Real reasons behind the march

Who survives and who emerges victorious in Mangaung’s ANC electoral conference in 2012 will be determined by what happens in the next few months.

The JSE and Union Buildings marches organised by ANC Youth League leader Julius Malema are the first test of strength. Malema has abandoned President Jacob Zuma as a result of a complex mix of factors, all to do with power wielded over tenders.

This has manifested itself in the tussle between Sports Minister Fikile Mbalula and ANC secretary general Gwede Mantashe, on the one hand, and the one between Zuma and both Housing Minister Tokyo Sexwale and Deputy President Kgalema Motlanthe on the other.

Malema is leading the charge against the Zuma faction, testing its resolve and forcing it to fight outside its terrain of strength - which is the party bureaucracy. Malema is pushing for a street battle.

Should the Malema marches pull more than 20 000 people, this would buy him enough political currency and space for manoeuvring towards Mangaung and would also be used as bargaining muscle in his disciplinary hearings. A bad showing could be political suicide.

But it must also be remembered that Malema is in a position to rent a crowd. This doesn’t mean he has con­sistent or organised support, as demonstrated by the poor showing at his disciplinary hearing. But it could indicate that he is able to attract unemployed young people who are bored and only too happy to be in Johannesburg and Pretoria on a free trip. Malema understands the growing anger of the black masses better than many.

He has moved into the vacuum that exists for a radical pro-black political voice or movement; he has fashioned himself as the warrior for the excluded and denigrated.

Increasingly, he has gone frontal in his attack on the government’s failures. His hypocrisy is so brazen you can’t but marvel at its nakedness. As recently as April this year, while canvassing votes for the ANC, he said: “No matter how unhappy you are, no matter how angry you are, you can’t act against the ANC, because the ANC has never made a mistake.”

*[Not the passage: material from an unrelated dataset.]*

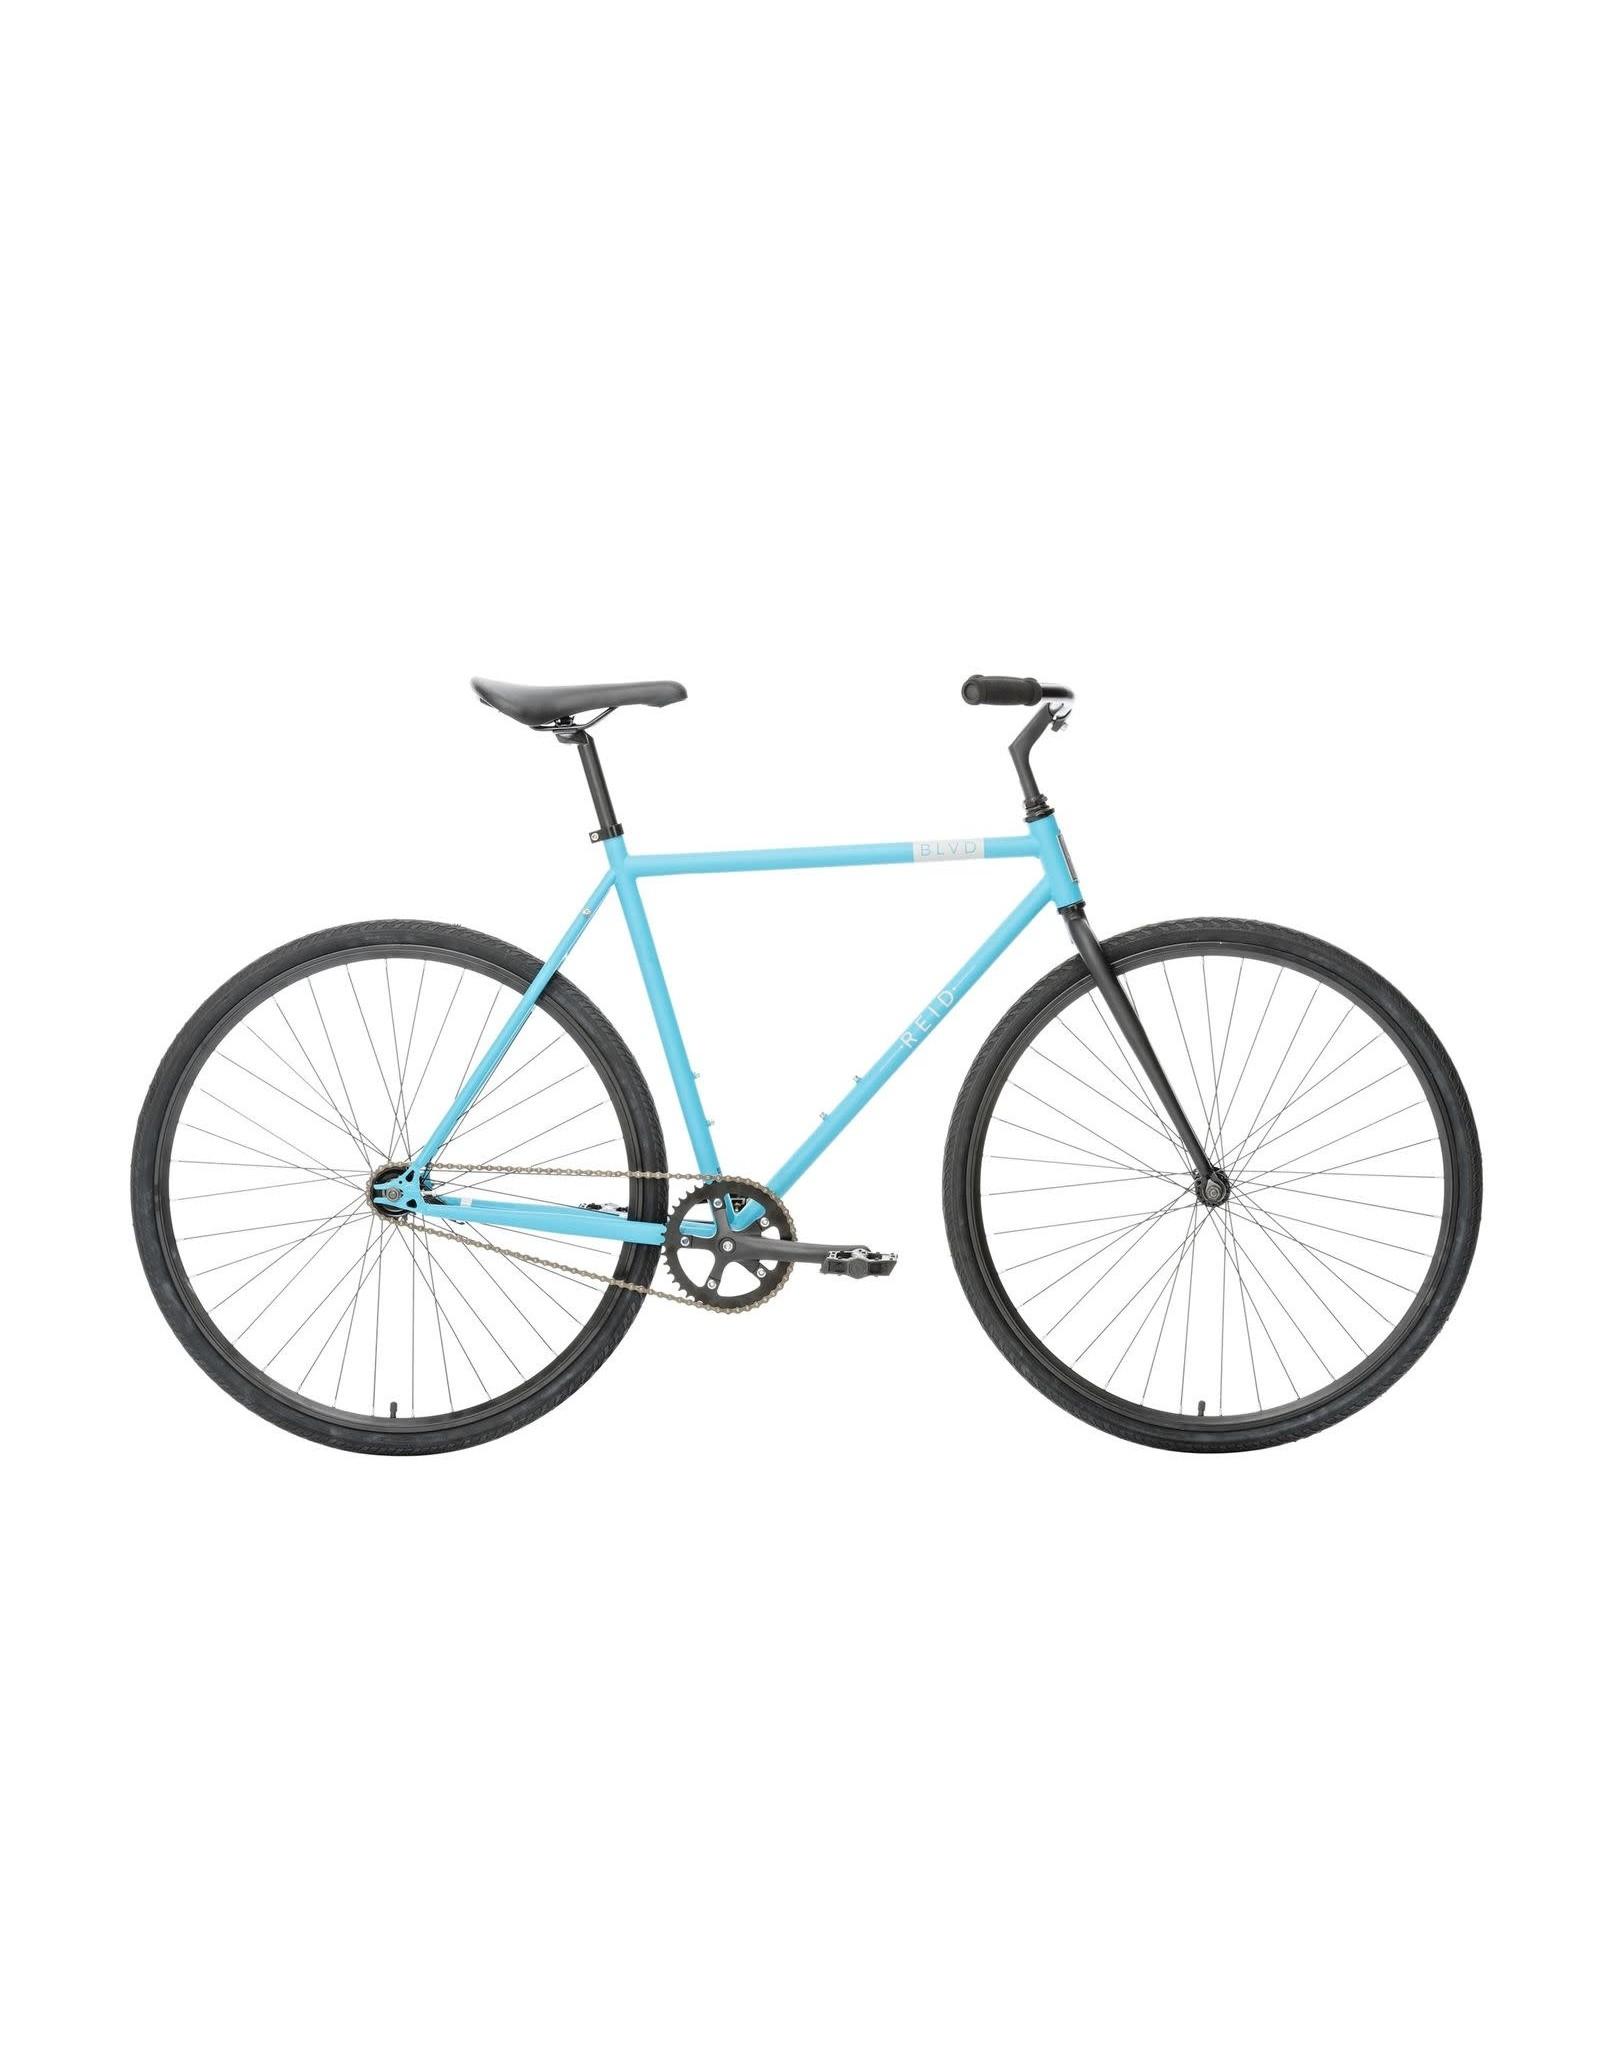 Reid BLVD Single Speed Bike

Not only the poor have been bamboozled
It’s not only the poor who have been bamboozled by Malema; many well-meaning black radicals who have fundamental problems with the ANC’s 17-year rule have been seduced by his rhetoric. And many blacks are outraged by AfriForum’s arrogance and consistent attacks on Malema. All these factors explain to some extent the support Malema may enjoy in the black community.

The worst thing that can happen to the ANC is to expel Malema. That would not only rattle the disgruntled voices that up to now he has kept inside the ANC but he would also be able to mobilise and organise the victims of the ANC’s refusal to address the interests of the poor. Malema is better in than out.

What we see at the JSE and Union Buildings will be a spectacle showing power in action. It started with the glamorisation of politics, as we saw with Malema’s alliance with Kenny Kunene and the ANC reducing elections to kwaito sessions led by Chomee and her dancers. This is used to titillate the masses, to entertain them and, subliminally, as advertising does, to get them to buy a product they don’t need.

There is another aspect of the spectacle that has seen Malema rise to prominence as the main player in our contemporary politics. This crowds out any possible alternative to the ANC. Here, the ANC is both the problem and the solution; hence Malema can organise a march against his own political party.

This may come across as absurd—I mean, why can’t Malema simply place his issues on the agenda at alliance meetings? Why organise a march against comrades you eat and drink with every day at Luthuli House?

The winning slate in Polokwane was the anti-Mbeki one. The question is: What is the Mangaung slate going to be? Malema has drawn a line in the sand and said that only those who support nationalisation will be elected. Already the ANC in Limpopo has supported the call.

Cosatu initially hesitated and is now divided on the issue but essentially the anti-Zuma faction has supported the call, including the march. Again, we see the coming together of forces that would ordinarily be seen as inimical.

The nationalisation slate
What is clear here is that the nationalisation slate has more or less already abandoned Zuma. As was the case with Mbeki, it will be increasingly argued that he doesn’t pay attention to the poor and is soft on the need for economic emancipation. Malema has already suggested numerous times that they would prefer someone other than Zuma.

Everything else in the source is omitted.